DATA EXTRACT
[Start of section]

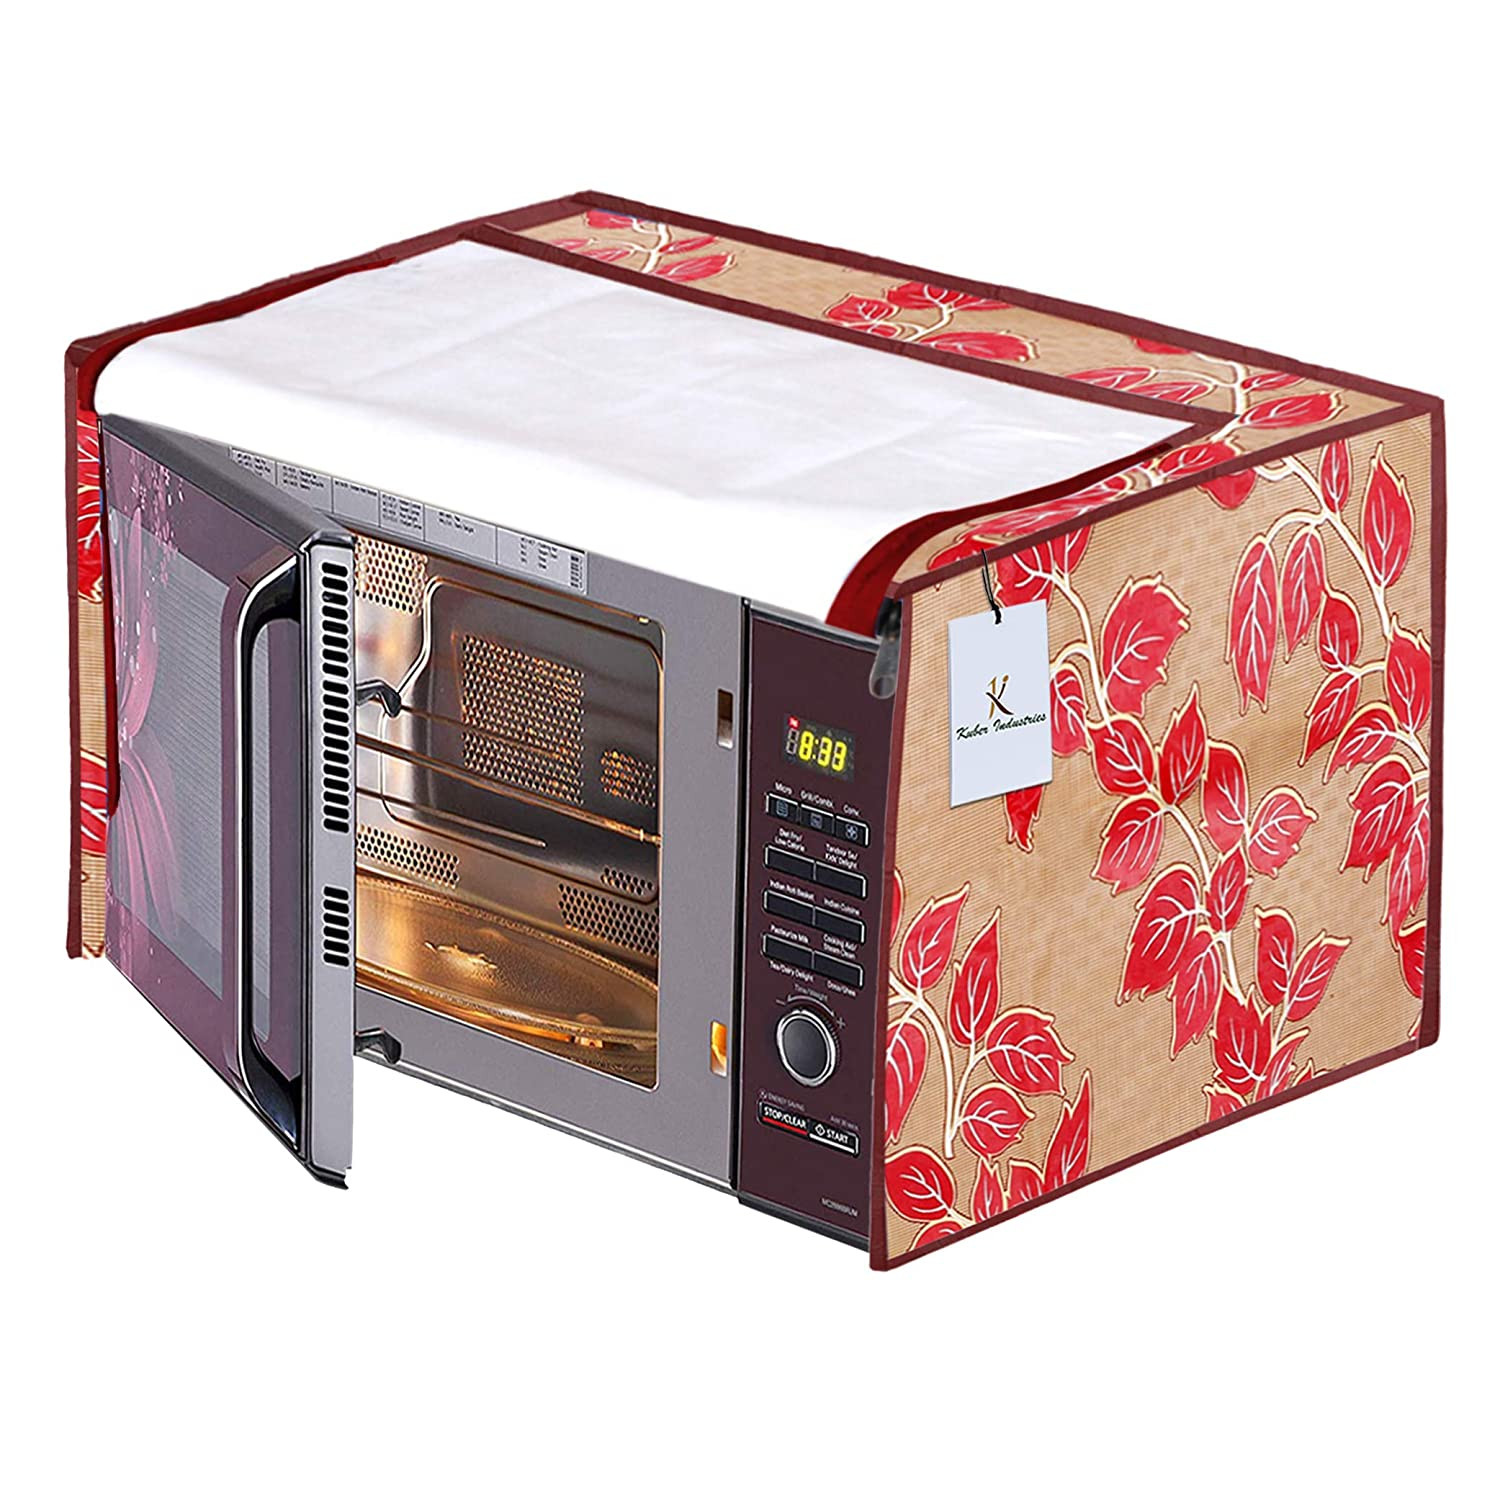 Kuber Industries PVC Leaf Printed Microwave Oven Cover,25 Ltr. (Red)-HS43KUBMART25957
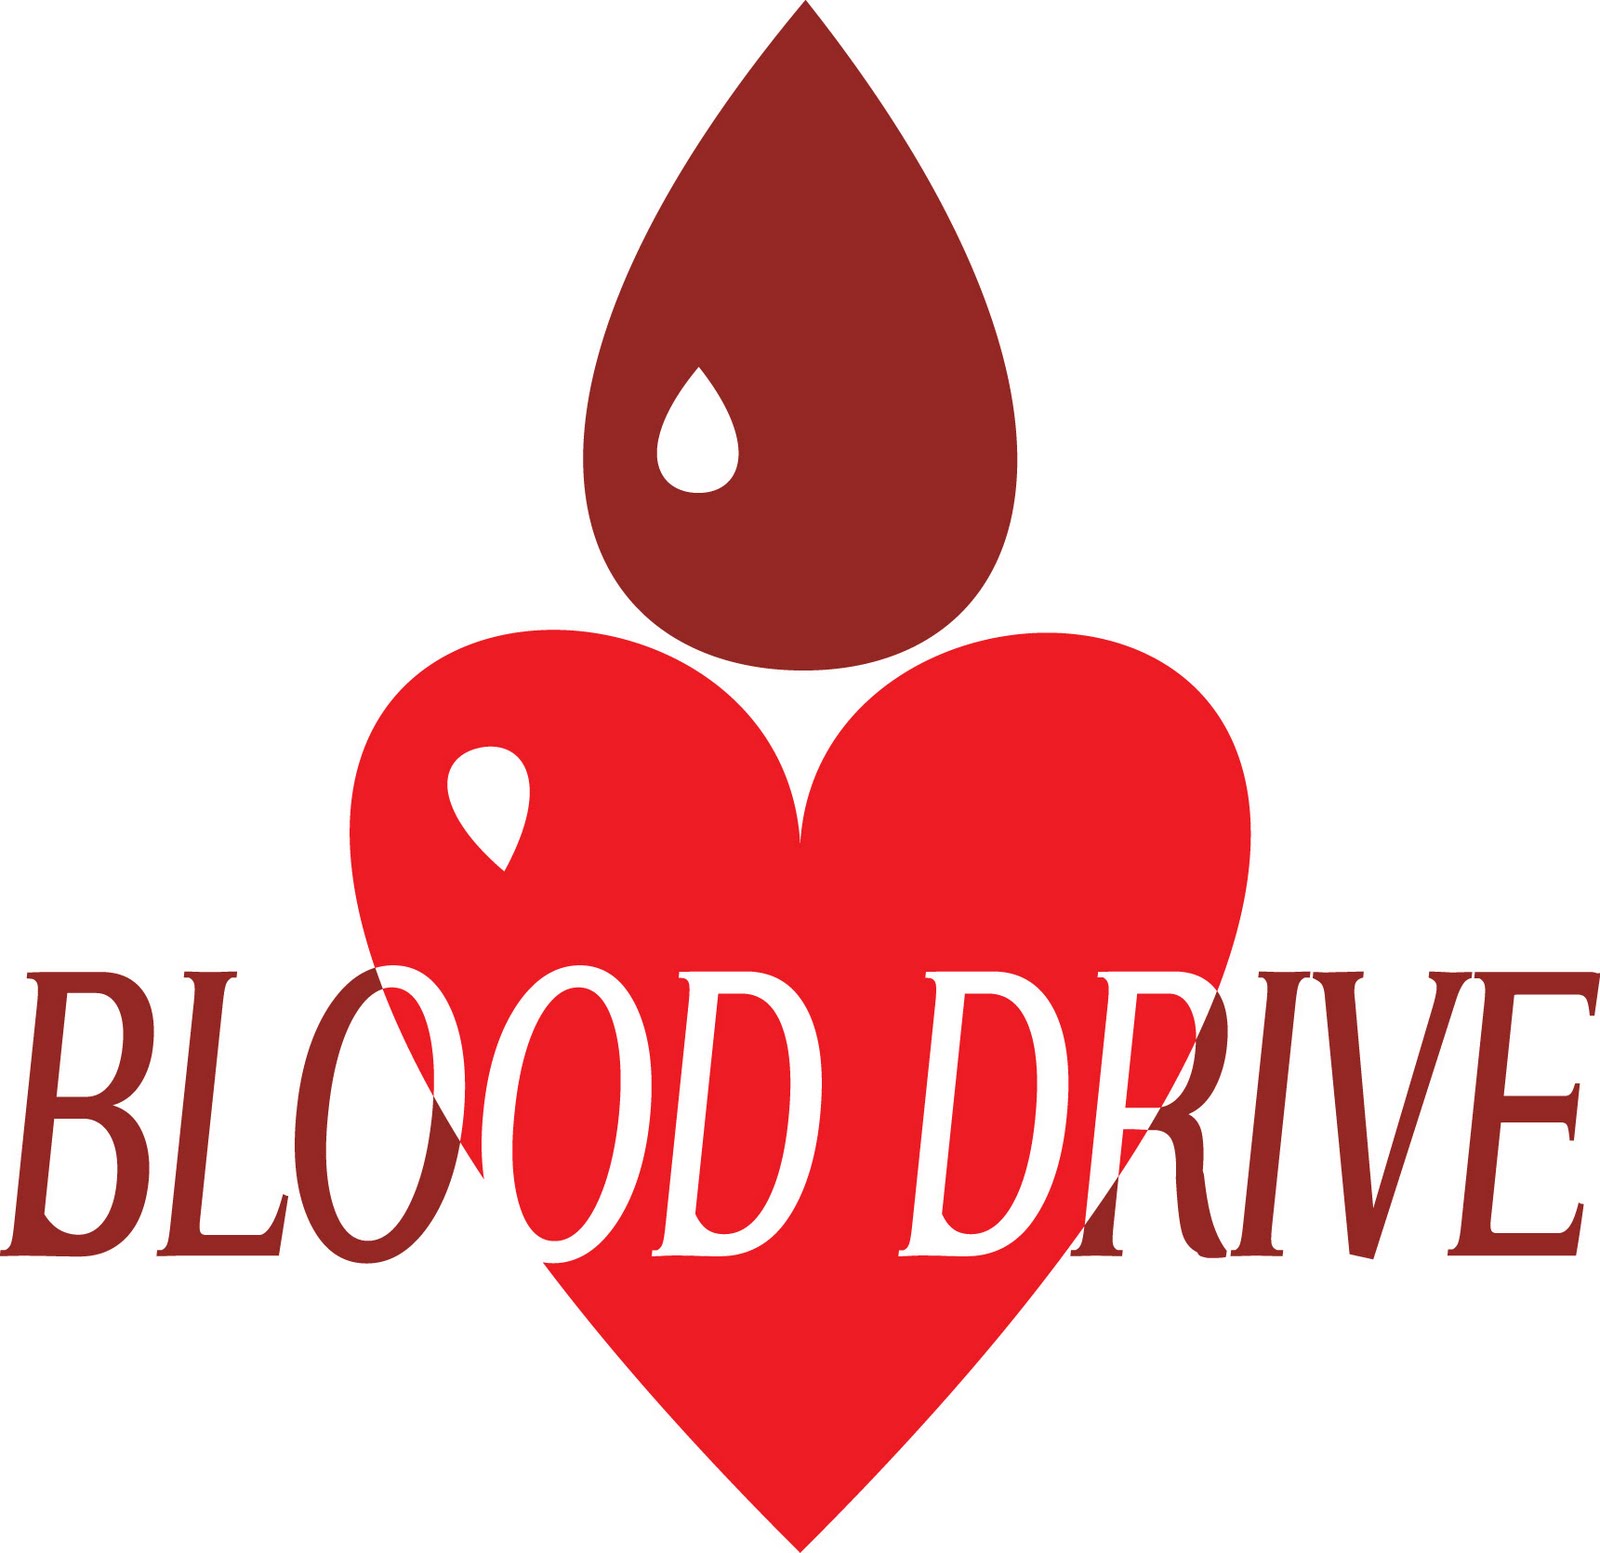 ... Blood drive thank you clipart ...
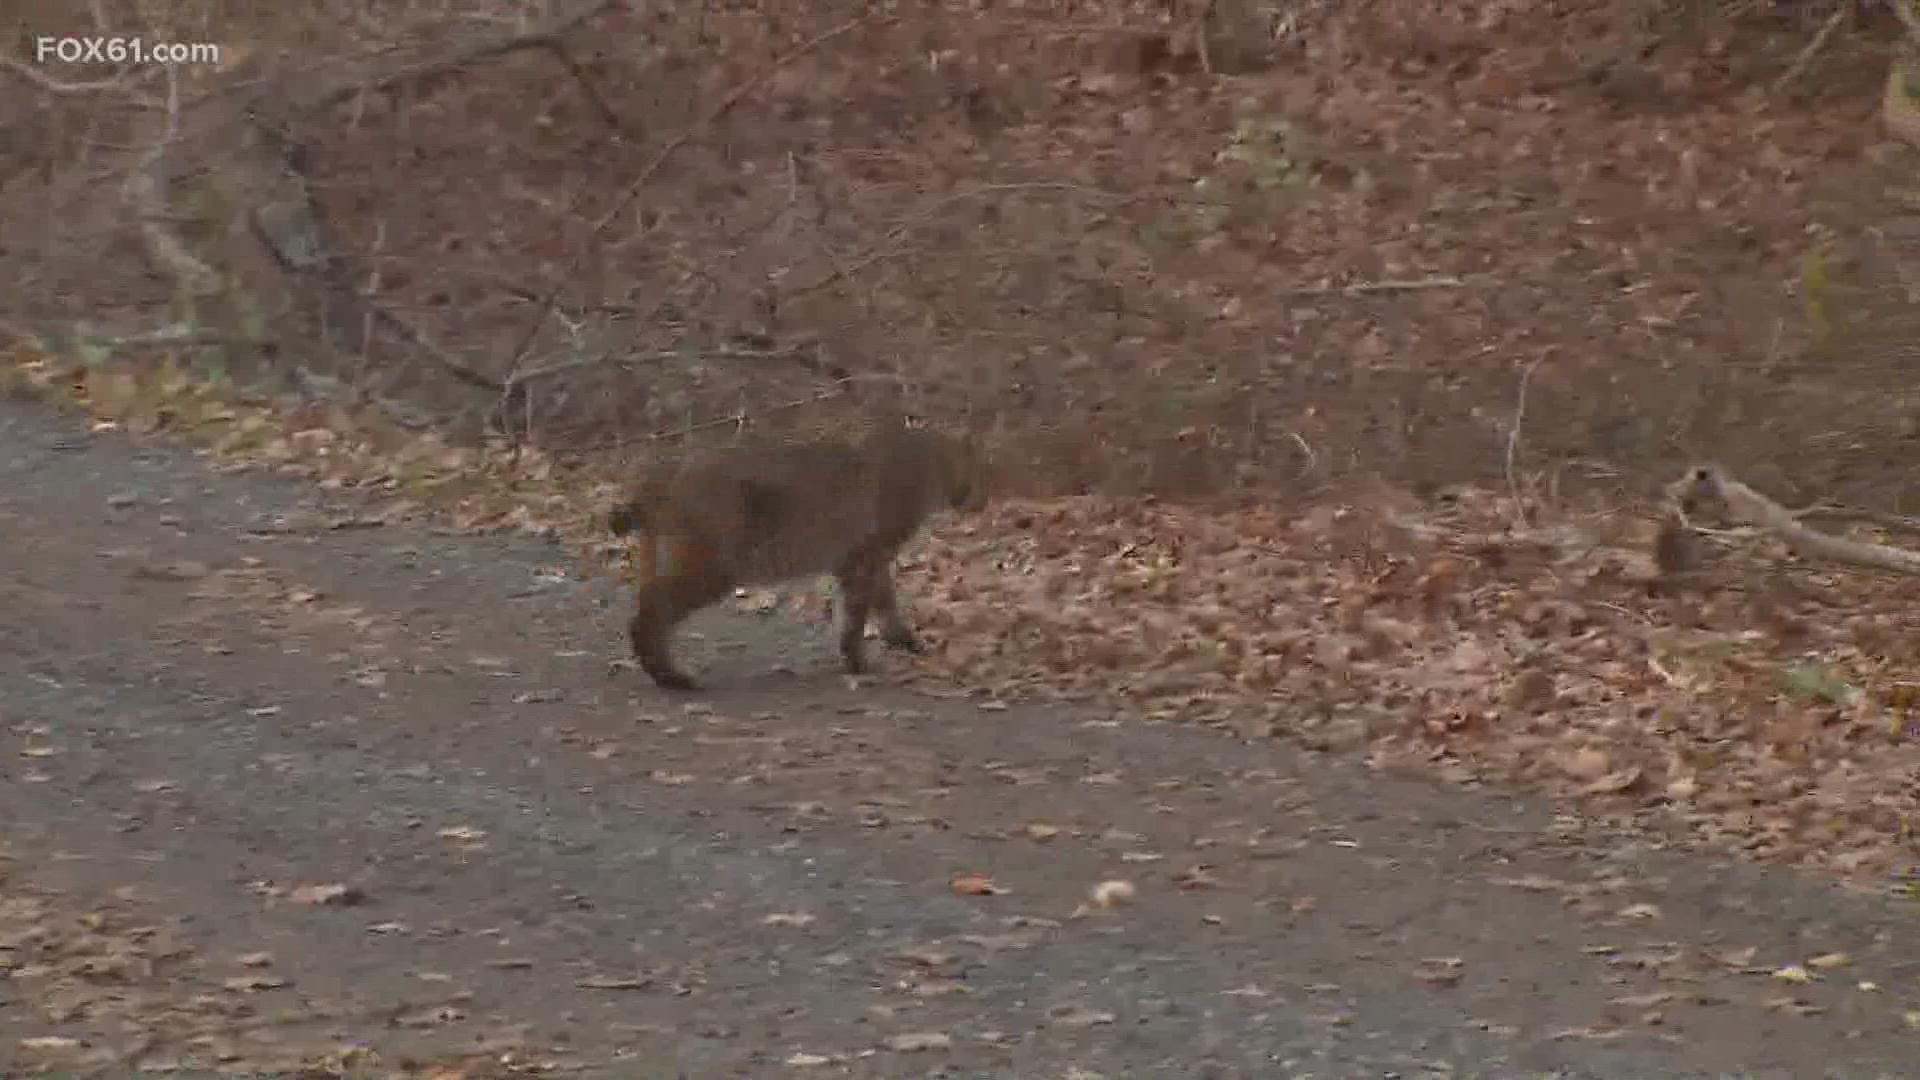 Wildlife experts with The Department of Energy and Environmental Protection say two bobcats were recently spotted in Hartford.
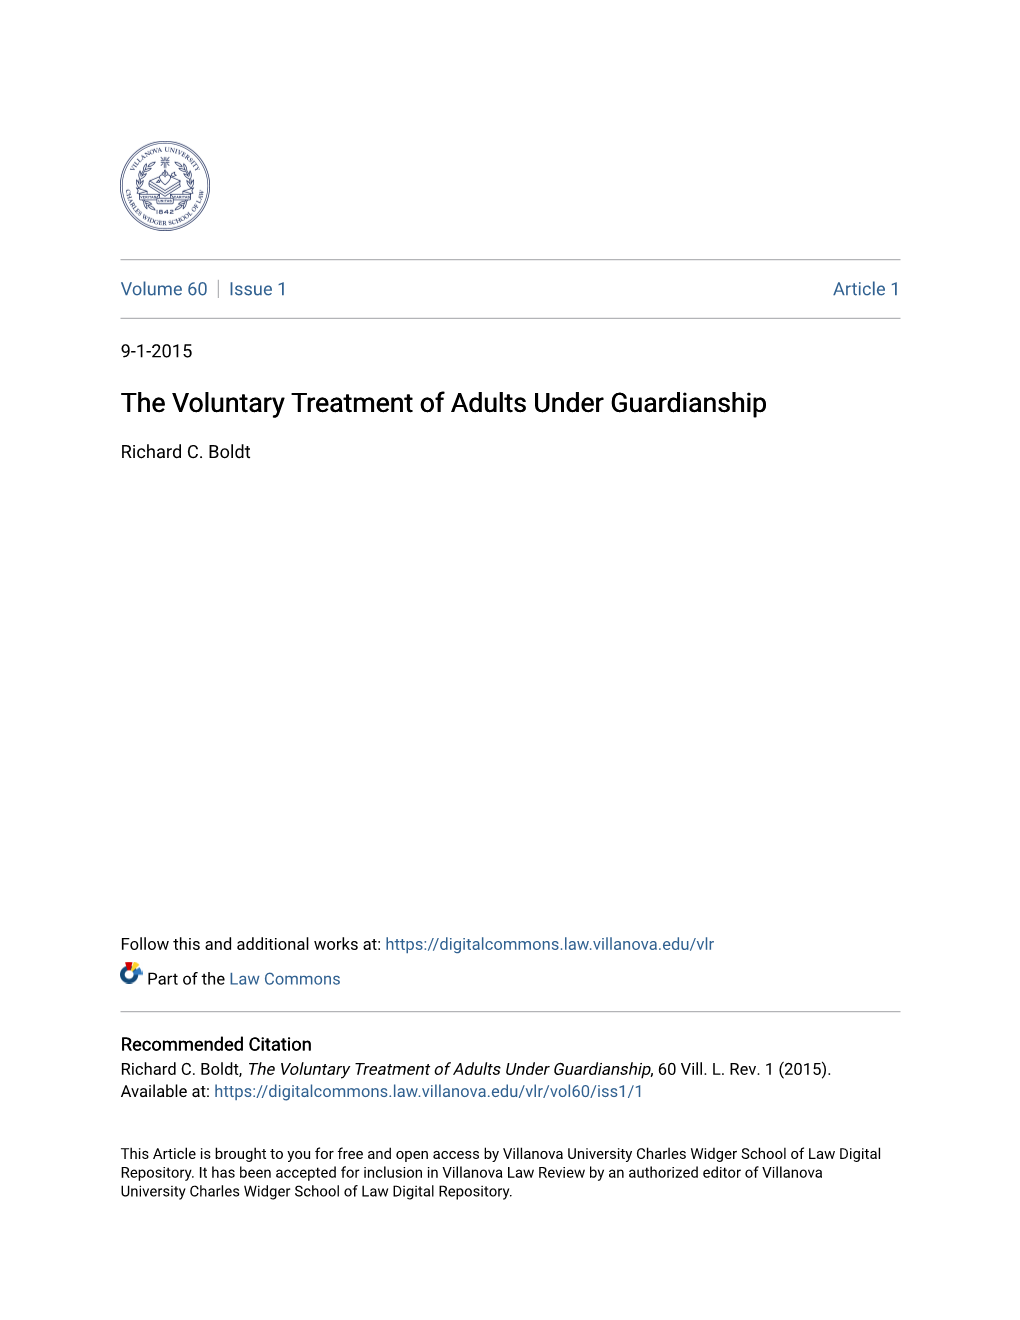 The Voluntary Treatment of Adults Under Guardianship

[End of section]

YOUR ASSIGNMENT
The data is to be returned exactly as it stands, pictures aside.

PROBLEM SOLUTION
 Kuber Industries PVC Leaf Printed Microwave Oven Cover,25 Ltr. (Red)-HS43KUBMART25957
 ... Blood drive thank you clipart ...
 Wildlife experts with The Department of Energy and Environmental Protection say two bobcats were recently spotted in Hartford.
 The Voluntary Treatment of Adults Under Guardianship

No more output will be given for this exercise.